Black-legged ticks take 1-2 days to transmit the bacteria. Antibiotics can stop the disease if caught early. If not treated immediatelyPeople can suffer from inflammation of the brain and spinal cord, palpitations, arthritis with severe swelling and pain, shooting nerve pain, and facial paralysis (loss of muscle tone or drooping of the face).
“A neighbor has pretty bad Lyme disease,” Thomas said. “She ended up having to quit her job and is almost disabled.”
What to do if you find a tick
Remove a tick immediately if you find one on your body, advises the CDC. Using fine-tipped tweezers, grasp the tick as close to the head as possible and pull evenly. Do not tear, twist, or crush the tick. Be sure to remove the head from the skin.
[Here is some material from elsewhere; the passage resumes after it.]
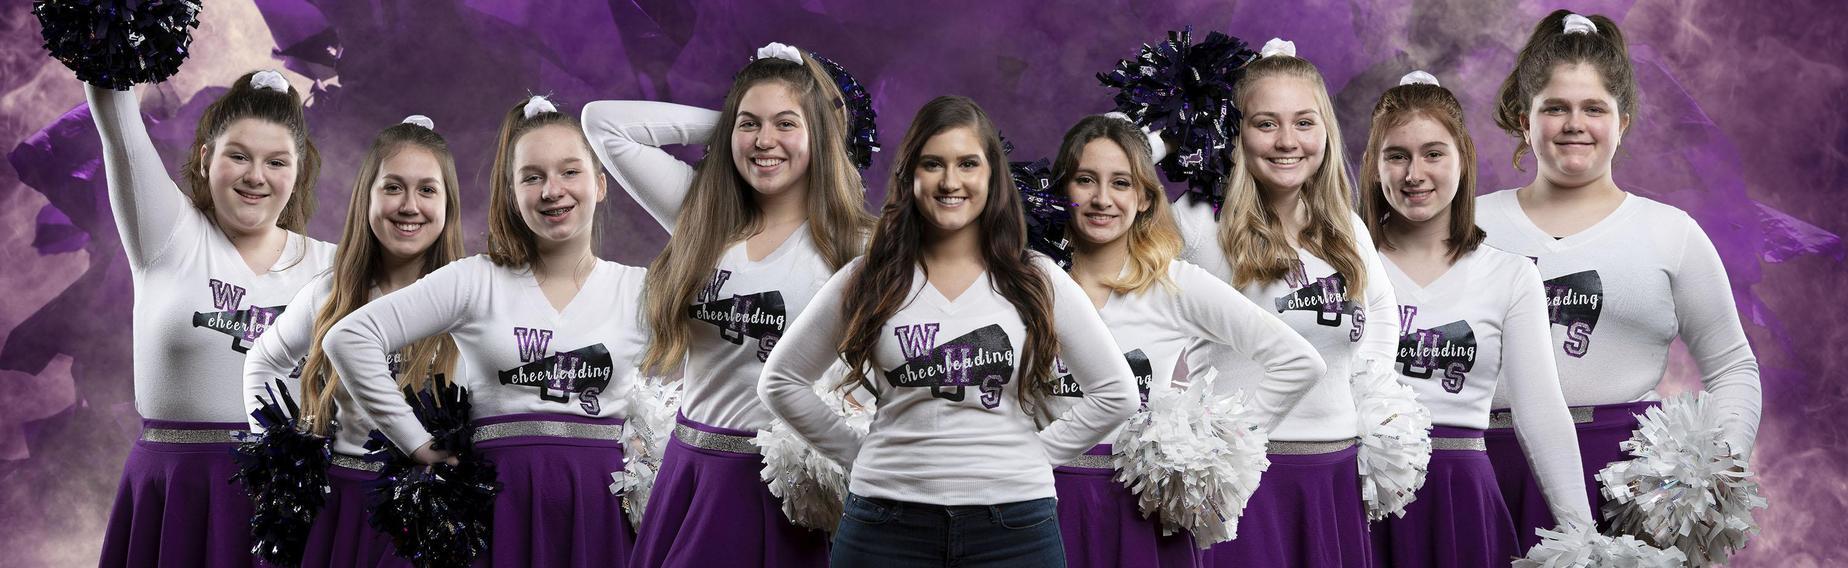 Cheerleading Team Photo
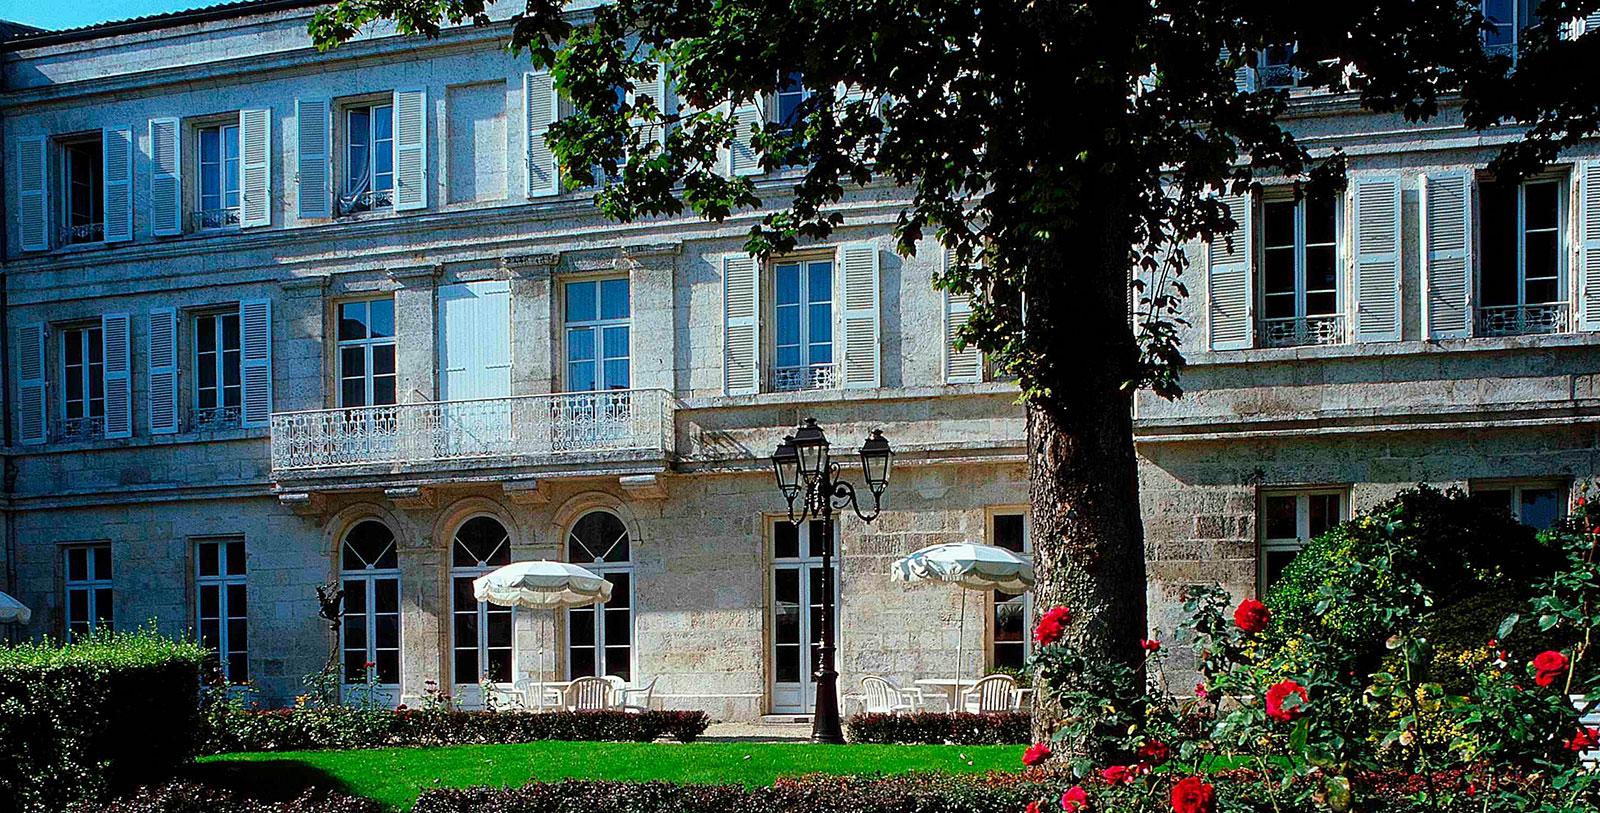 Image of Hotel Exterior, Mercure Angouleme Hotel de France, established 1600, member of Historic Hotels Worldwide 2019, France, Europe, Overview

Wash the wound and your hands with soap and water or rubbing alcohol. Dispose of the insect by flushing it down the toilet, sealing it in a bag, or soaking in alcohol before discarding.
That Virginia Department of Health said you can preserve the tick by freezing it in a plastic bag or by adding alcohol to the sealed bag to identify the species. But the explained CDC that not all laboratory results are of high quality and should not be used in making medical treatment decisions.
Most people, they said, would develop symptoms before lab results returned. So monitor the wound and surrounding skin for a rash and yourself for fever, chills, headache, fatigue, muscle and joint pain, and swollen lymph nodes.
“I often find ticks on myself, it comes with the job,” Korman said. “I wouldn’t see a doctor unless I was ill or noticed something unusual.”
Korman directs those looking for tick testing to the Institute of Wild Genetics at East Stroudsburg University.
prevent tick bites
Avoid wooded and bushy areas with tall grass and leaves to avoid ticks. Those who camp, hike, garden and hunt should take with them Precautionsaccording to CDC:
- Wear long pants and sleeves
- Treat clothing, boots, and camping gear as well permethrin (at least 0.5%) products. Read the instructions, the repellent works even after several washes.
- Use an EPA-registered repellent that contains DEET, picaridin, IR3535, lemon eucalyptus oil, para-menthane diol, or 2-undecanone. The EPA has a simple website for reference: Find the repellent that suits you.
When you return home, check for ticks:
- Check all pets, clothing, gear, and backpacks for tramp ticks.
- Wash clothes in hot water or tumble dry on high heat for 10 minutes (longer if clothes are damp).
- Shower to remove loose ticks.
- Check your body in the mirror, especially: armpits, in and around your ears, belly button, back of your knees, in and around your hair, between your legs and around your waist. Don’t forget to check the kids too.
If you are bitten by a tick and have an allergic reaction or underlying medical condition, contact your doctor immediately.